Darpa working on vaccines that can adapt to take on fast-changing viruses

Every year, flu vaccine manufacturers develop and produce new versions at enormous expense to take on the latest circulating influenza strain due to the constantly evolving nature of viruses. The US military's Defense Advanced Research Projects Agency (Darpa) has now launched a programme that aims to create vaccines that can adapt to fight these fast-changing viruses.

As our bodies come up with new immune responses, viruses have the ability to mutate and morph as they reproduce within their hosts, rendering a vaccine that could work today, useless tomorrow. The US military's R&D organisation has launched an Interfering and Co-Evolving Prevention and Therapy (Intercept) programme that hopes to develop a solution that can outpace evolving pathogens, adapt in real time and shape-shift as quickly as viruses do.

"We need a new paradigm to stay ahead of these moving targets," Darpa programme manager Jim Gimlett said in a statement. "With Intercept, the goal is to develop viral therapies that are effective against a broad spectrum of viral strains, and that can co-evolve and outpace new strains."

All viruses consist of two main parts — genetic material surrounded by a protein shell. When a virus attaches itself to a cell within a host, it releases its genetic material into that cell to reproduce, hijacks its biological machinery and forces the cell to create new copies of the viral genome and shell proteins. Inside the cell, the new viral genomes and protein shells gather to create new viruses that eventually burst out of the cell and infect other cells as well.

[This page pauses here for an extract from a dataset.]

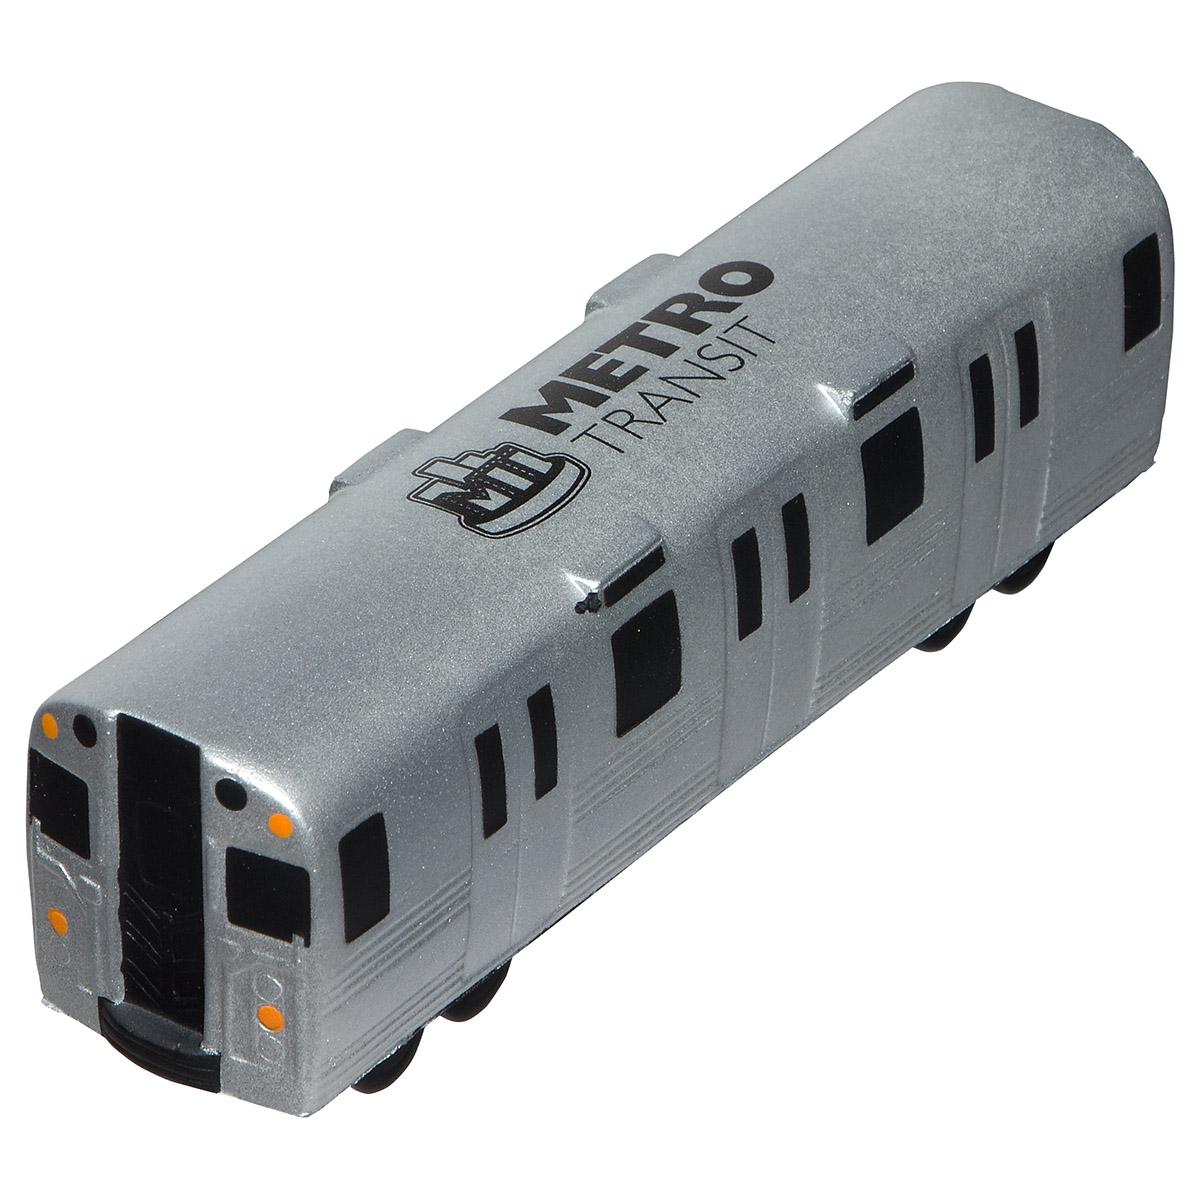 Metro Train Stress Reliever, LTR-MT34, 1 Colour Imprint

Intercept is looking to tap into tiny engineered, virus-like particles called therapeutic interfering cells, or TIPs, to compete with viruses. Similar to viruses, TIPs can also enter host cells but don't affect them. However, when a cell that contains a TIP does get infected by a virus, the cell produces TIP genome copies that can compete with the virus's genome copies for protein shells and reproduce faster than the virus to create more TIP-containing cells. As more "dud viruses" containing harmless TIP genes are created to dilute the real viruses, the impact of any viral load is significantly reduced.

Since they are made of genetic material, Gimlett says TIPs can also mutate and diversify just as genomes of real viruses do as well.

"You can think of these TIP-filled envelopes as tiny Trojan horses, but instead of containing warriors they contain pretenders that ultimately outnumber real disease-causing viruses and interfere with their ability to replicate," Gimlett said. "Once we develop a TIP that works for a given virus, we expect it to generate a steady stream of variants so there will always be a population of TIPs with the right genetic stuff to disrupt any new strains of that virus that may arise."

Since the programme has just launched, Darpa still has a long way to go to develop TIP candidates, conduct long-term tests and adjust them accordingly through computer models. However, if successful, they could prove extremely useful to tackle several viral strains that emerge and evolve every year, no matter how severe they are.

According to the World Bank, a single severe flu pandemic could cost the global economy a whopping $3 trillion (£2.1 trillion).

When the Ebola epidemic seemed to be contained in March 2015, Bill Gates warned that "there is a significant chance that an epidemic of a substantially more infectious disease will occur sometime in the next 20 years." In the same month, Brazil notified WHO of reports of a mysterious rash-causing illness spreading across northeastern states, which was later identified as the Zika virus. Since then, it has spread explosively to become the world's largest Zika outbreak ever, reaching more than 30 countries and territories.